The Cubs' biggest improvement can be seen on the mound. Jackson liked the sales pitch personally delivered from Sveum and Hoyer, and signed a four-year, $52 million deal. Samardzija earned his first Opening Day start after going from what Sveum called "gorilla pitching" to being a bona fide ace.
"We have three aces," said Soriano, including Garza with Samardzija and Jackson. "If you have three aces and they're healthy, we're OK, and we'll match with the other team."
The bullpen is stronger with the acquisition of right-hander Fujikawa, who was a closer in Japan for 12 seasons. Carlos Marmol is still the Cubs' closer, and he'll likely give pitching coach Chris Bosio more gray hair. The two have a deal: Marmol can't shake off the catcher on any pitch or else he owes Bosio a case of wine. Last year, Marmol had to buy only one case.

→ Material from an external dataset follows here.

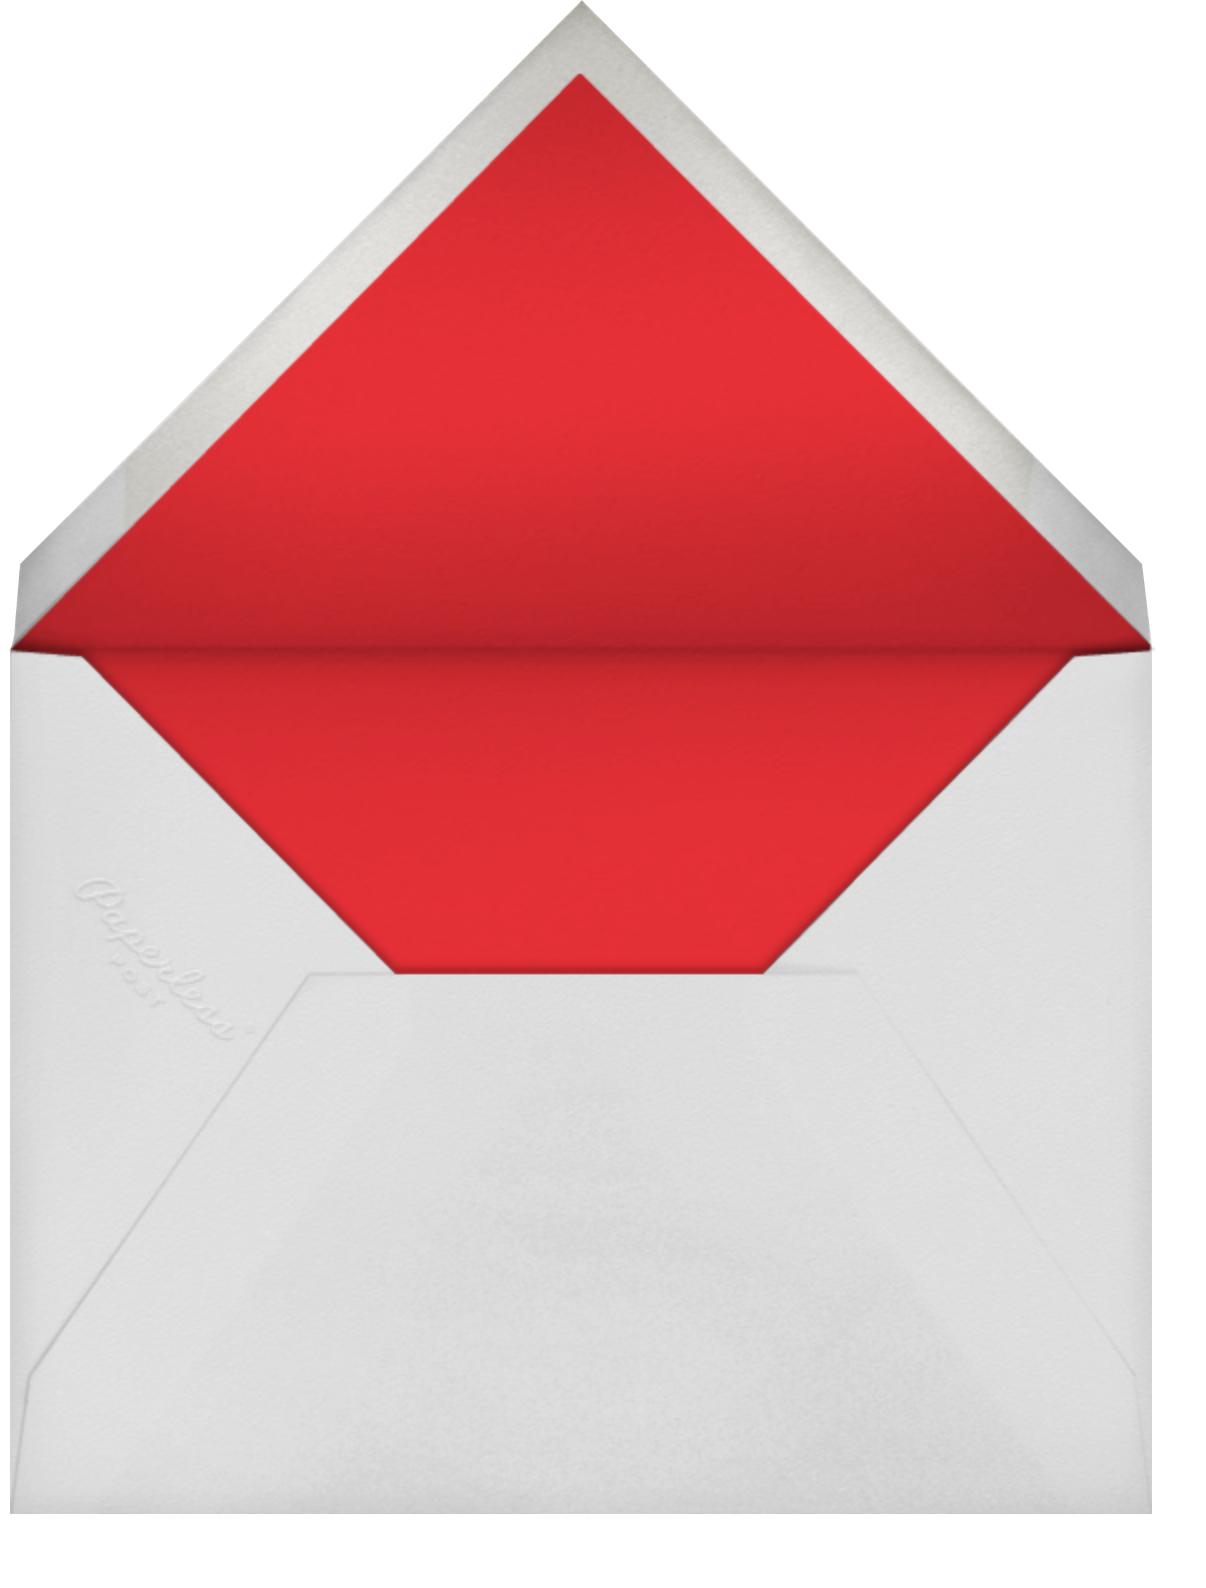 Ellis Hall II (Tall) - Gold - kate spade new york - kate spade new york - envelope back

"You look back a year ago when we broke camp and a month in, the depth and ability to throw strikes was a big fist fight," Sveum said of his bullpen. "Knock on wood, that doesn't seem to be the case."
This will be the 138th season for the Cubs, who still have the longest championship drought in pro sports, having last won the World Series in 1908. The players don't want to talk about that or last year's losses. It's cliche, but they're taking it one day at a time.
"This year, it's different," Soriano said. "If the [pitchers] are healthy and the starting lineup is healthy, we'll do better. The message the manager gave to us is we have to just play hard, every pitch, every at-bat and on defense. I think we'll be OK. We're hungry to win, we have a very nice group. We want to surprise people."